È un prodotto della Basilicata, oggi riconosciuto come prodotto agroalimentare tradizionale (PAT): quando il gusto piccante incontra la dolcezza.
Crusco perché è croccante, mai brusco né fusco: sembra uno scioglilingua, ma in realtà è la metrica di degustazione di un prodotto unico nel suo genere, impiegato in origine nella cucina lucana e calabrese, per poi contaminare il mondo. Non di piccantezza, come il peperoncino ci fa in genere pensare, ma di dolcezza. Perché questo peperone dal colore rosso e intenso non è piccante come le varietà che abitualmente conosciamo, ma è dolce. Ed è questa caratteristica a renderlo unico, così come le forme, di piccole dimensioni, appuntite, a uncino o a tronco.
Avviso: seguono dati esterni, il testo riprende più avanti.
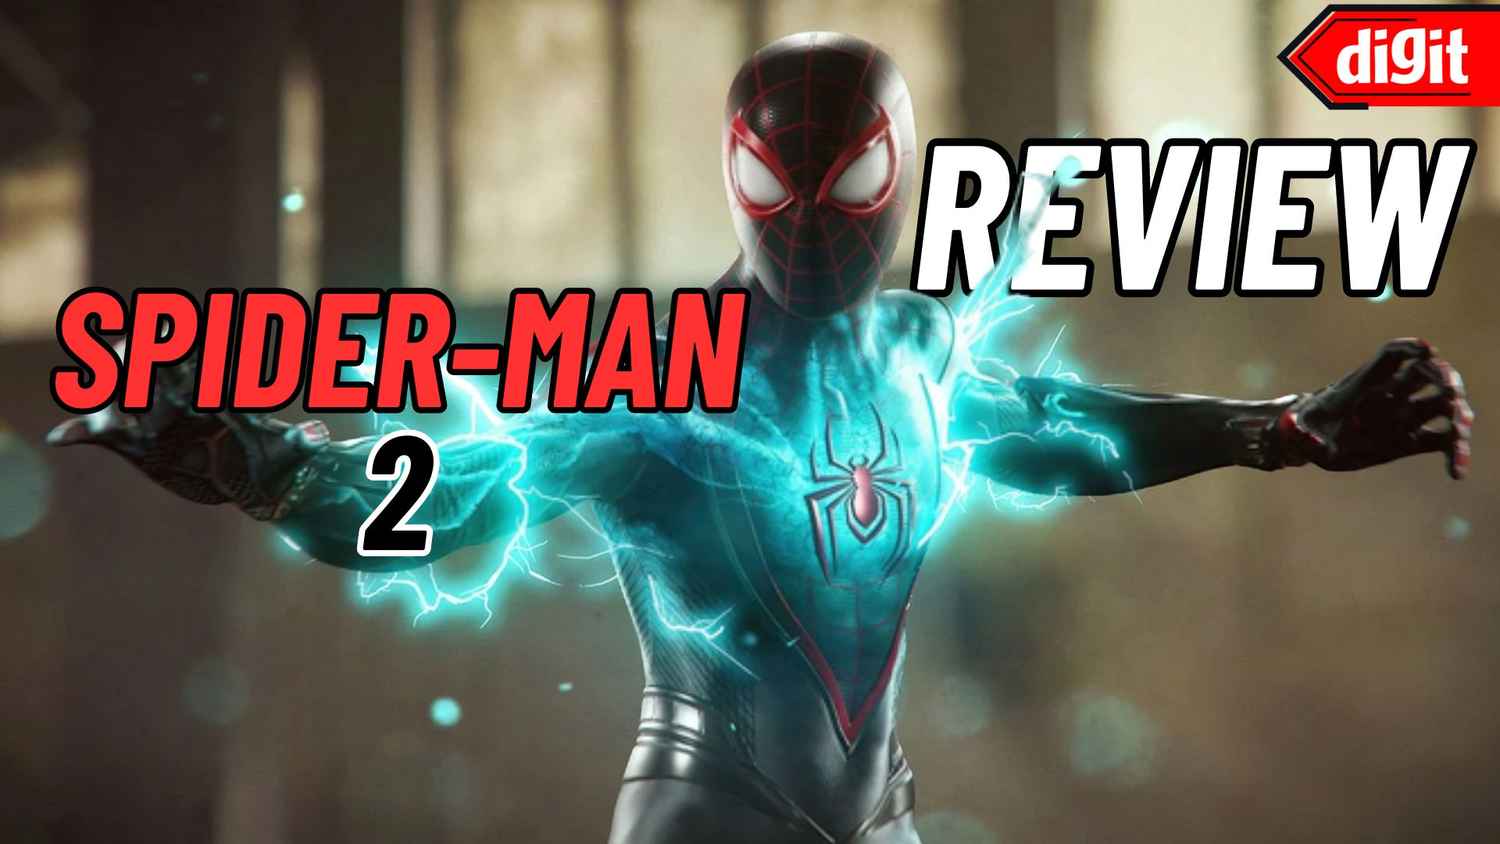 Marvel's Spider-Man 2 Review - Spectacular, Sensational, and

Simpatico e scaramantico verrebbe a dire ma, in realtà, consumato da solo come chips piuttosto che unito per arricchire di aromi e di colore arrosti, grigliate, pesce o zuppe di legumi, riesce a rendere ogni piatto particolare.
Dove viene allevato e la sua storia
Cresce nella zona del Pollino ed è conosciuto come peperone di Senise. Probabilmente è originario delle Antille e dobbiamo rendere merito a Cristoforo Colombo per averlo importato nel nostro Paese. Fu un medico al seguito dell’esploratore, tale Chanca di Siviglia, a scoprirlo, rimanendone folgorato per l’insolito gusto. La sua diffusione in Italia sembra risalire al 1600 e, ancora oggi, la lavorazione e la conservazione non sono cambiate. Viene seminato in primavera, ed è maturo ai primi di agosto. La raccolta prevede che i peperoni vengano disposti su teli per una prima fase di asciugatura, affinché perdano un po’ della loro componente liquida. Vengono poi legati con dello spago formando delle collane, dette sarte, di dimensioni variabili, che possono anche raggiungere una lunghezza di 2 metri. Queste collane vengono appese in locali areati in modo che possa essere completato il processo di essicazione. Il disciplinare IGP consente comunque un passaggio in forno durante la loro produzione. È conosciuto localmente con molti nomi, da paparulë a pëpërussë, da pupavërë crušchë a źafaranë crušchë: anche il naming e le diverse espressioni dialettali testimoniano le sue origini, rintracciabili nelle mille contrade lucane che ne fanno un motivo di vanto e di orgoglio. L’aggettivo crusco non è legato ad una varietà, ma rimanda alla crosta forse del pane o di un dolce biscottato dall’evidente croccantezza.
La lavorazione
È con la frittura che il peperone diventerà croccante, ovvero crusco. Privato del picciolo, che si mantiene a lungo sul corpo del peperone nonostante l’essiccazione, viene privato dei semi e scottato leggermente in olio bollente per pochi secondi. La frittura dopo l’essiccazione regala una croccantezza inconfondibile, al punto tale da renderlo immediatamente degustabile come snack. La sua conservazione avviene in sacchetti di carta o in barattoli di vetro. È possibile anche trovarlo in polvere finissima, utilizzabile come spezia per arricchire le diverse preparazioni. Esistono inoltre alcune linee di cioccolato che prevedono l’addizione di peperone crusco nel fondente, naturalmente per i più golosi. Una metafora della vita, un po’ piccante e un po’ dolce, dal piacere inaspettato che, dalle tavole contadine, è oggi un ingrediente ricercato e richiesto dagli chef più acclarati. Crusco ma non offusco: solo per assonanza, magari da provare con il Lambrusco, naturalmente fuori regione.